▶ **INSTRUCTIONS FOR THE TASK**: Each line from the one with "Lampe 10367 du" through the last line below must be written out exactly. Do not copy pictures.

▶ **DATA BELOW**:
= = = =

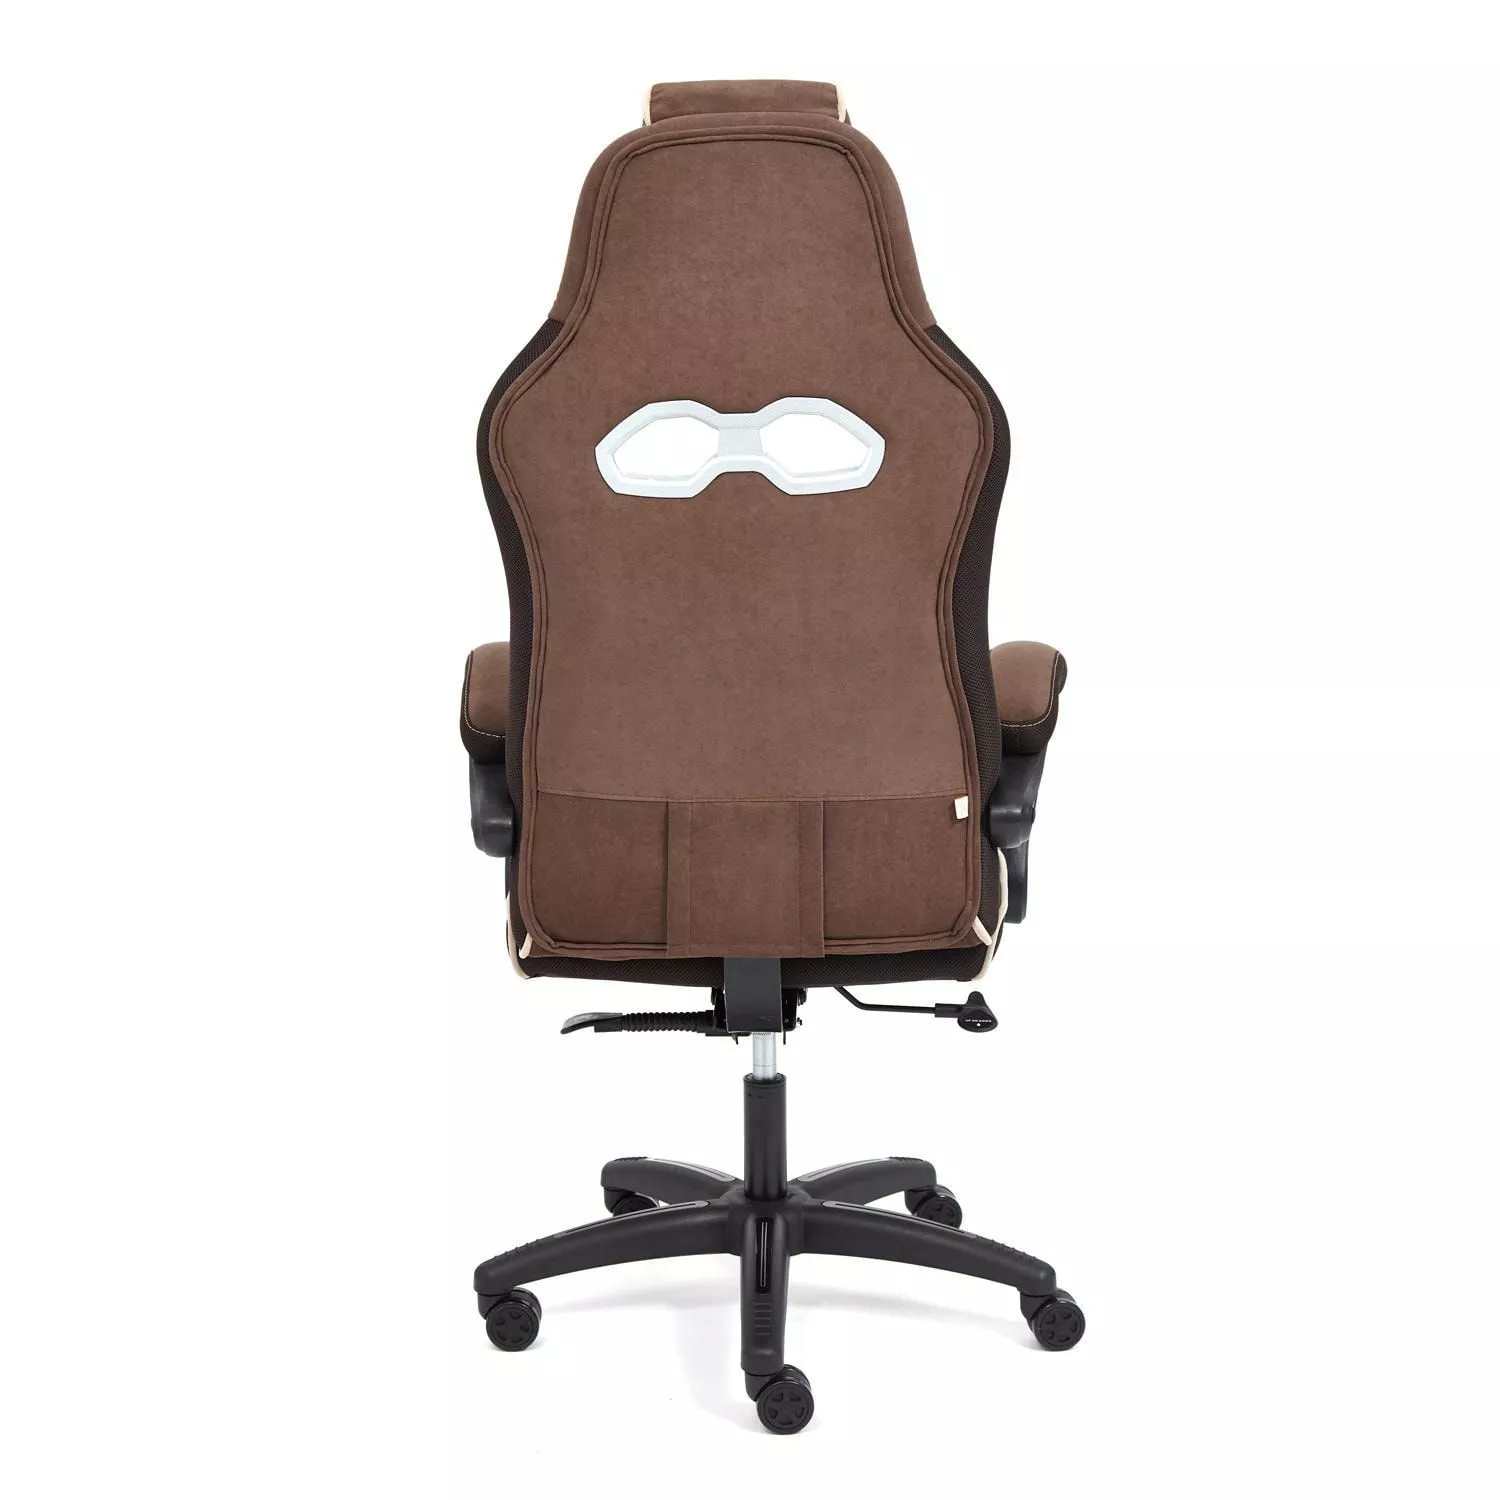 Кресло ARENA коричневый / бежевый
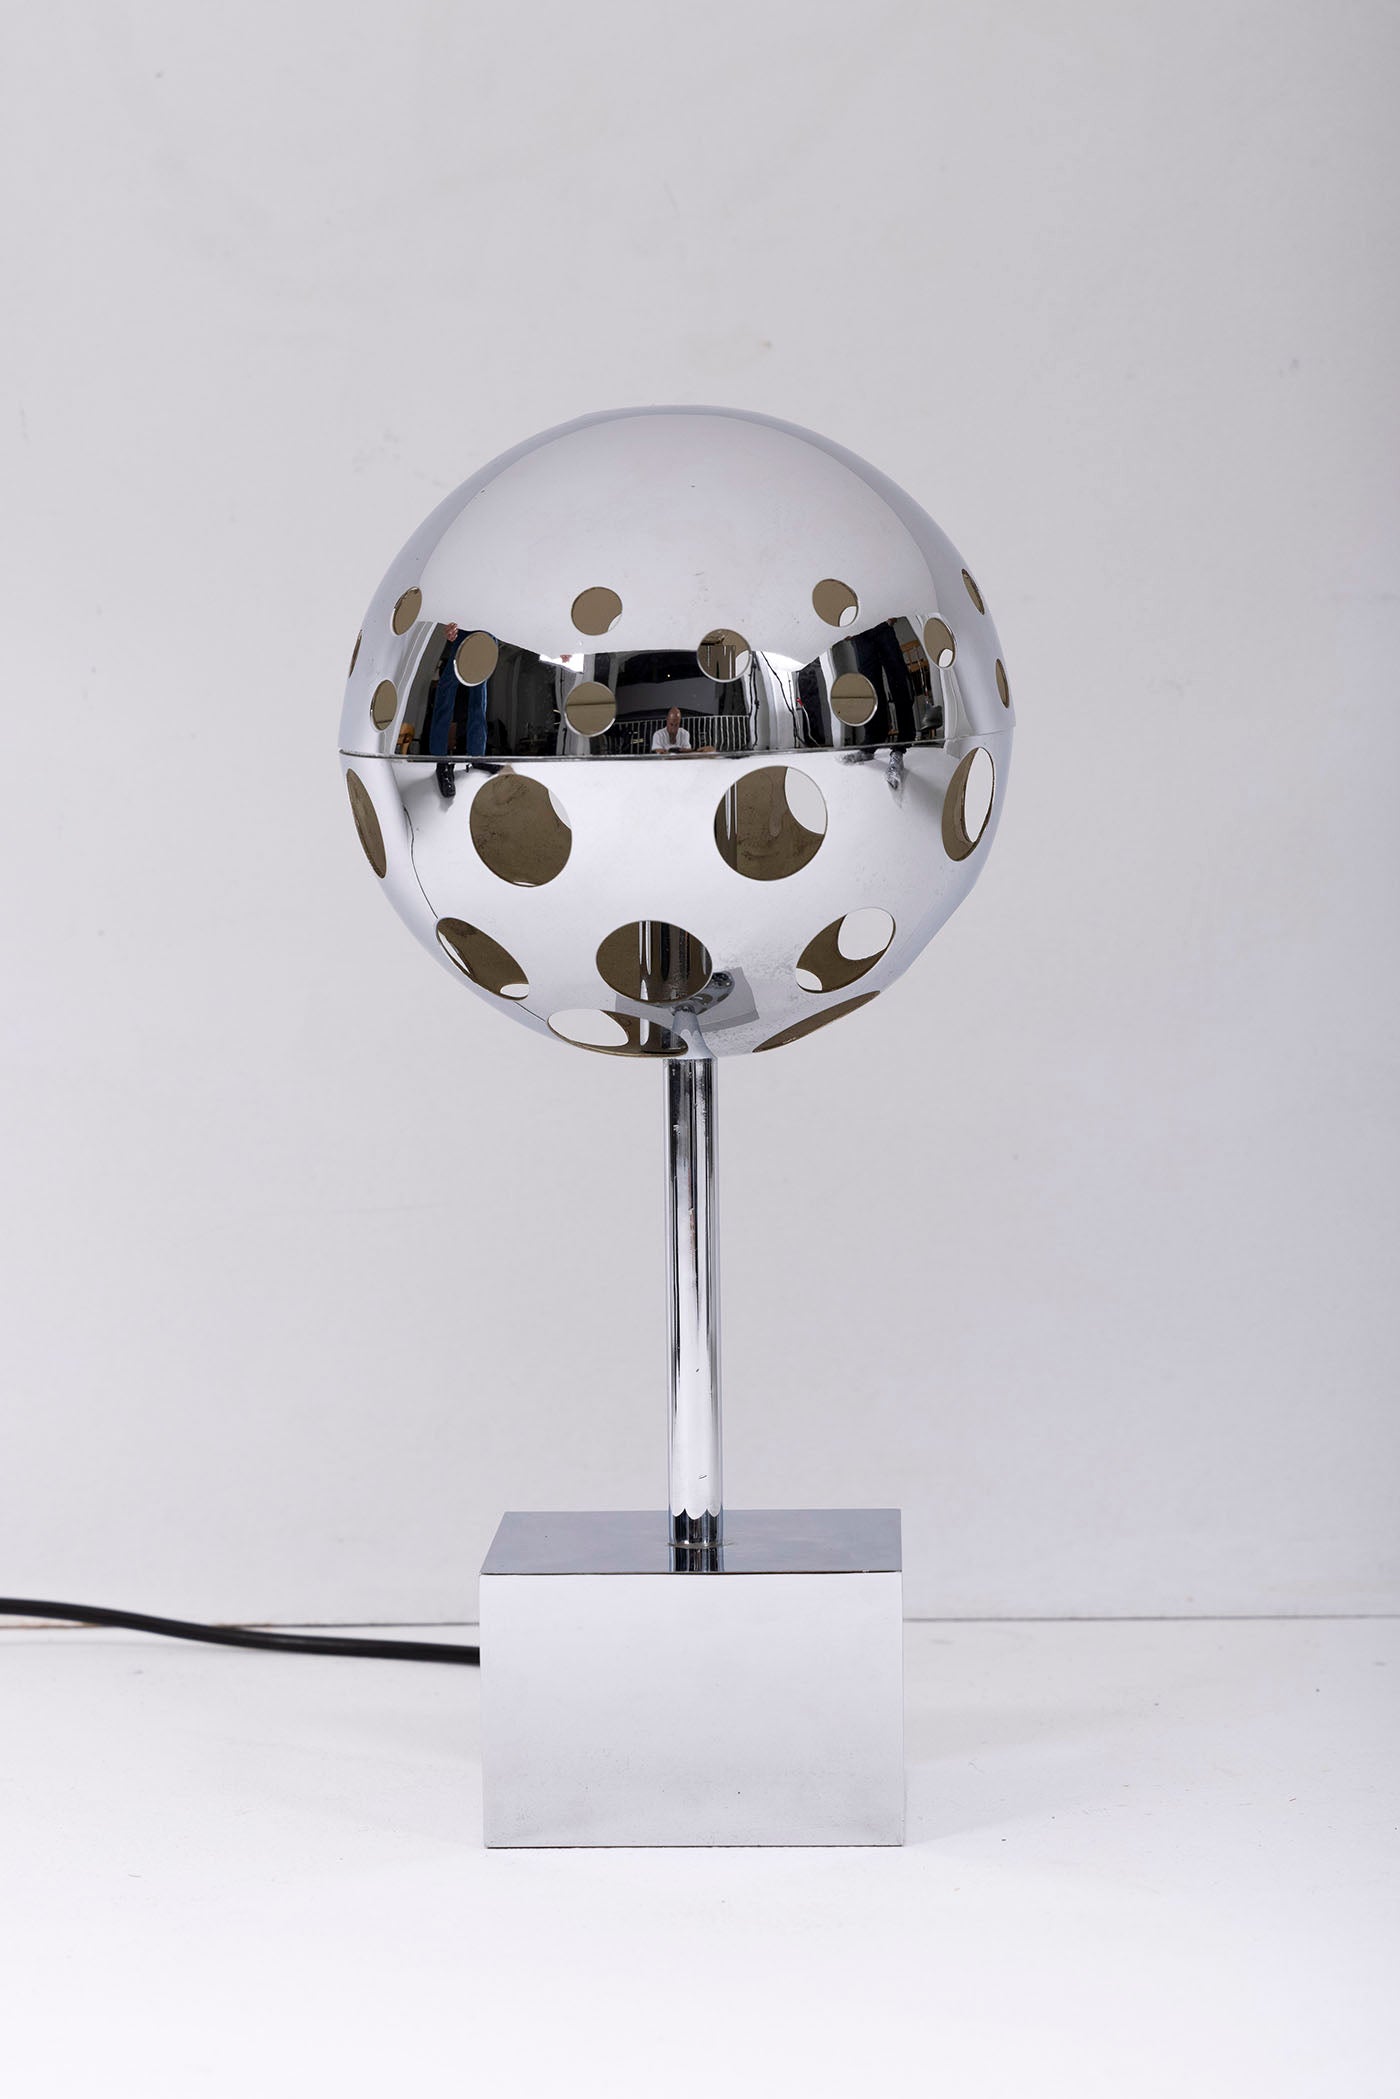 Lampe 10367 du designer Sabine Charoy éditée par Verre Lumière, années 1970. Lampe de table en métal chromé, avec une sphère ajourée sur une base cubique. Fonctionnelle et en très bon état. 
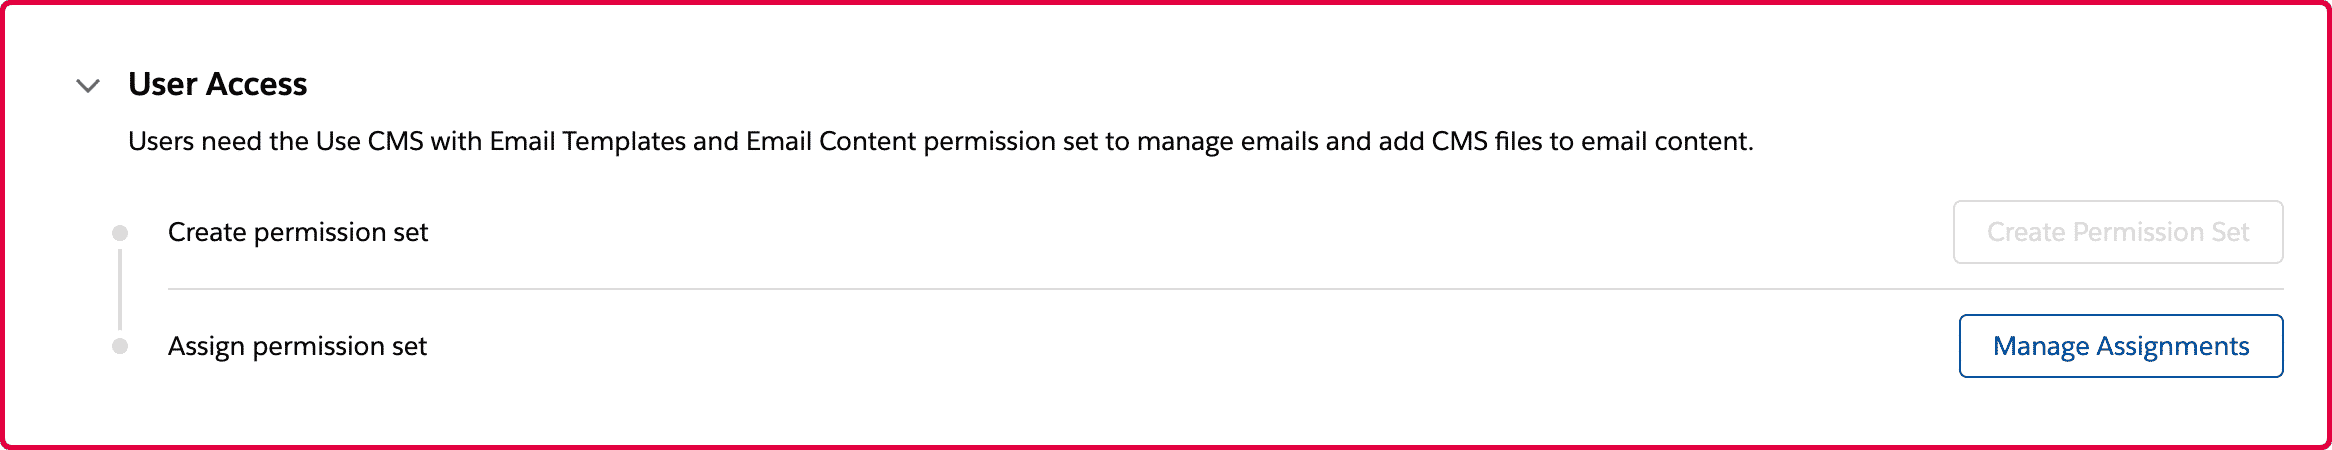 Pardot Email Builder - Permission Set
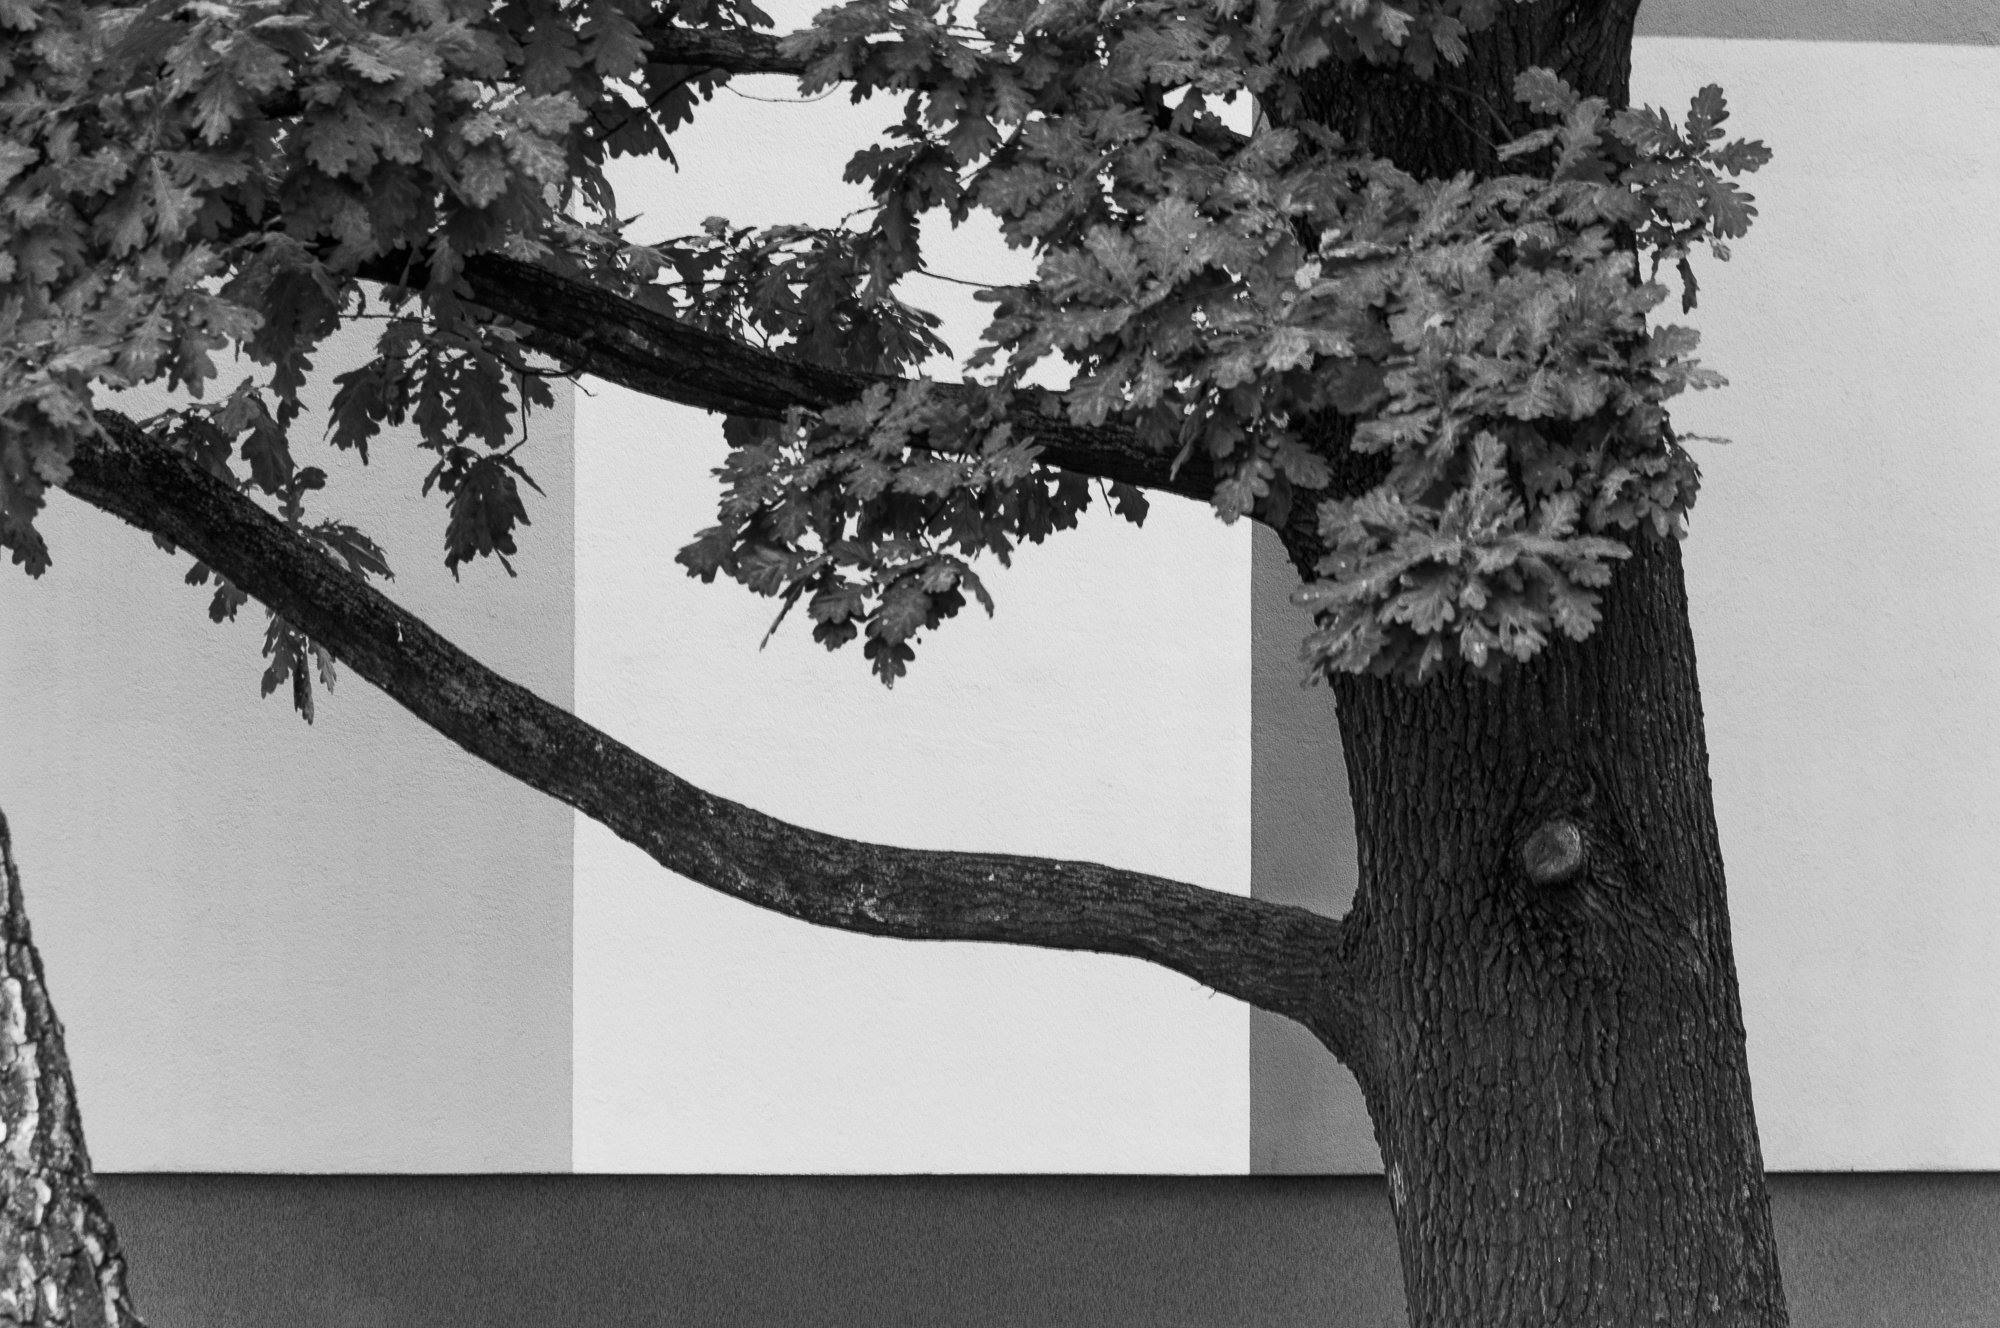 Adam Mazek Photography Warsaw (Warszawa) 2019. Post: "The process of PDFs edition." Tree. Minimalism.

= = = =

▶ **EXERCISE OUTPUT**:
 Lampe 10367 du designer Sabine Charoy éditée par Verre Lumière, années 1970. Lampe de table en métal chromé, avec une sphère ajourée sur une base cubique. Fonctionnelle et en très bon état. 
 Pardot Email Builder - Permission Set
 Adam Mazek Photography Warsaw (Warszawa) 2019. Post: "The process of PDFs edition." Tree. Minimalism.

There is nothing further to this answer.